Latino voters will reshape American politics as we know it — and here's the proof

GOP strategists have long yearned to sway Latino voters — but in the age of Trump that's less likely than ever

Published December 18, 2016 11:00AM (EST)

 (AP/Matt Rourke)
(AP/Matt Rourke)

Twenty years ago, neither Democrats nor Republicans saw Latinos as a voting bloc worth wooing. Instead, they often pursued policies that actively played into xenophobia. In 1996, Bill Clinton signed into law the Illegal Immigration Reform and Immigrant Responsibility Act, which according to a recent Human Rights Watch report, set into motion today’s mass deportationIn that same year, future Chicago mayor Rahm Emanuel wrote a memo urging Clinton to “claim and achieve record deportation of criminal aliens.”

Over the last decade, the Democratic Party has changed its tune, and started trying desperately to woo Latinos.

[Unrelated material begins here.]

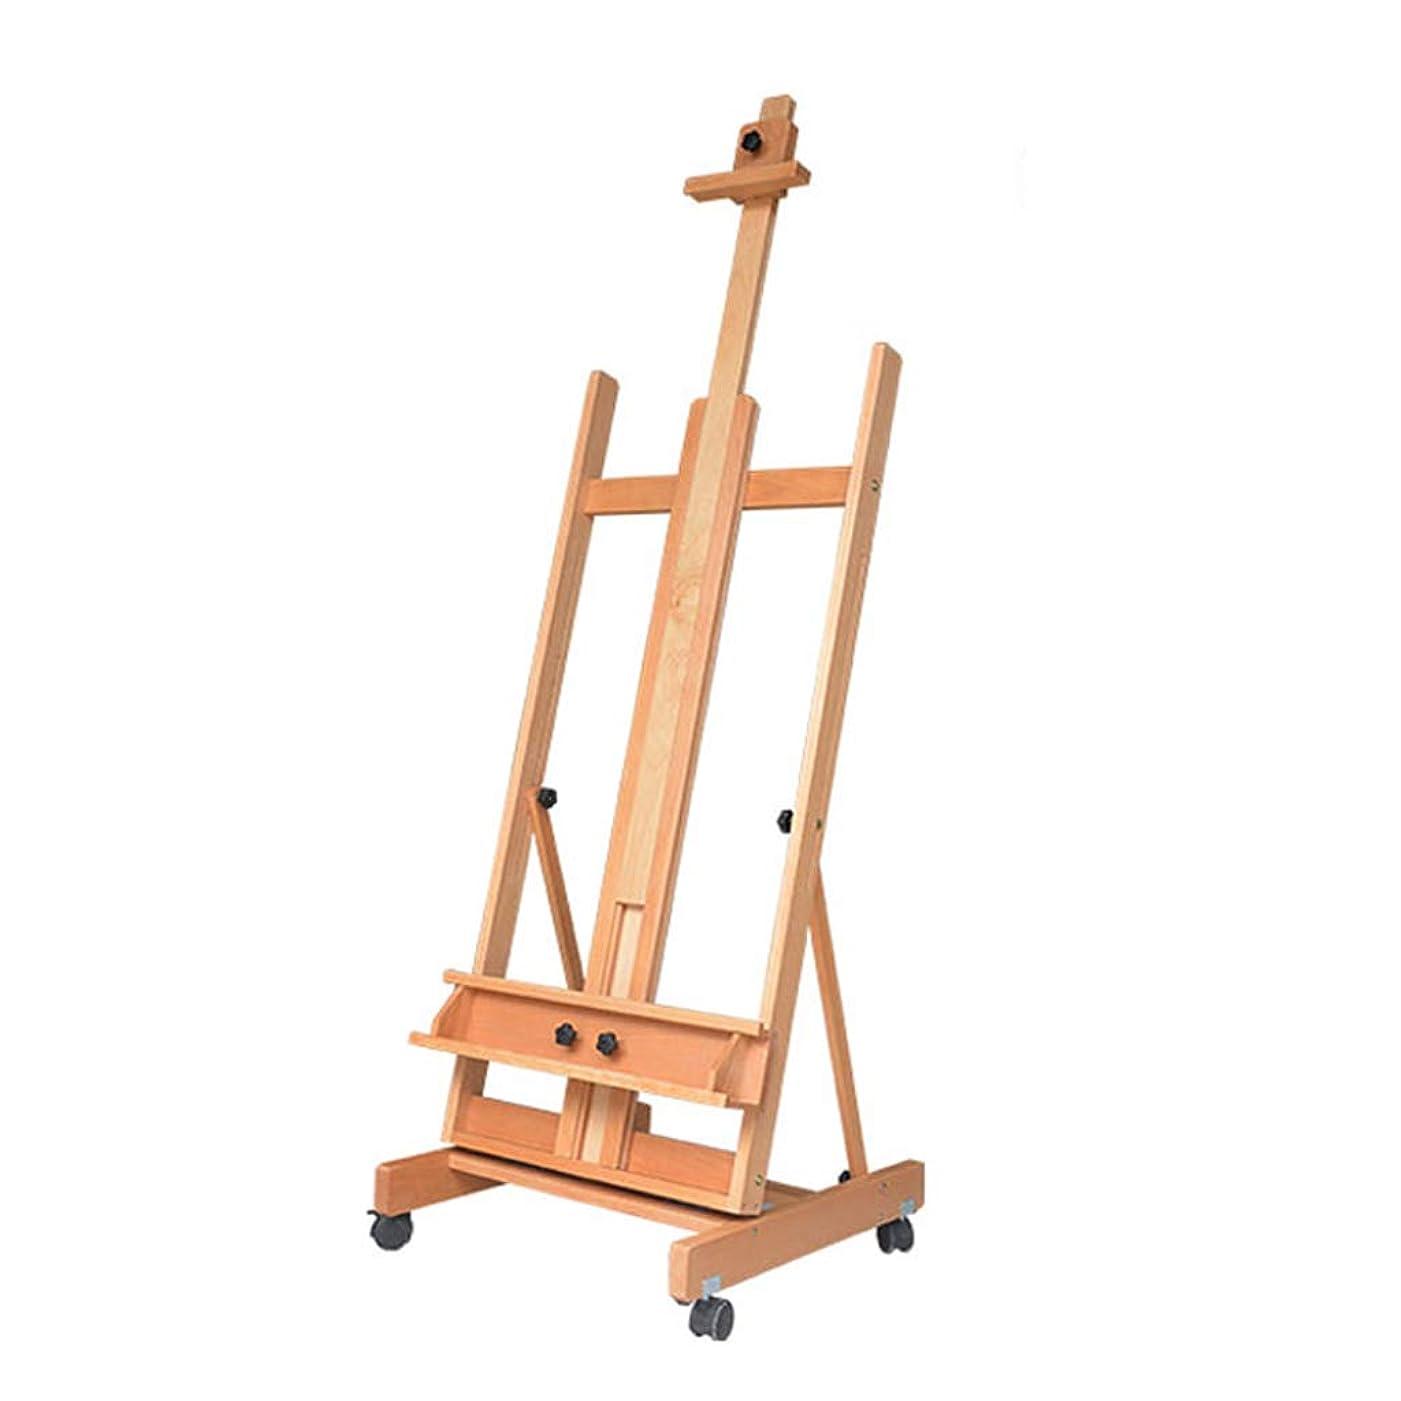 うつ輸血付属品Djyyh 木製オイルイーゼルホイール描画ボード木製広告ディスプレイスタンドスタジオ教えるフロアイーゼル (Color : C)

Today, leading Democrats overwhelmingly support a path to citizenship for undocumented immigrants, and are using executive orders to halt deportations, while Republicans, led by Donald Trump, continue to demonize Latinos and promise harsh countermeasures to stop undocumented immigrants from entering the country.

By now, it’s a cliché in American politics that Latinos are a political force to be reckoned with, and that the nation's rising Latino population will reshape the country’s politics for decades to come.

But we wanted to study how Latinos are changing American politics. So we explored multiple datasets which collectively include thousands of Latino respondents. We found that Latinos are more supportive of Barack Obama’s progressive agenda than non-Hispanic whites, and that Latinos are more supportive of action on climate change and immigration. Even on social issues, where the popular conception is that Latinos are relatively conservative, Latinos are actually quite a bit more liberal than non-Hispanic whites.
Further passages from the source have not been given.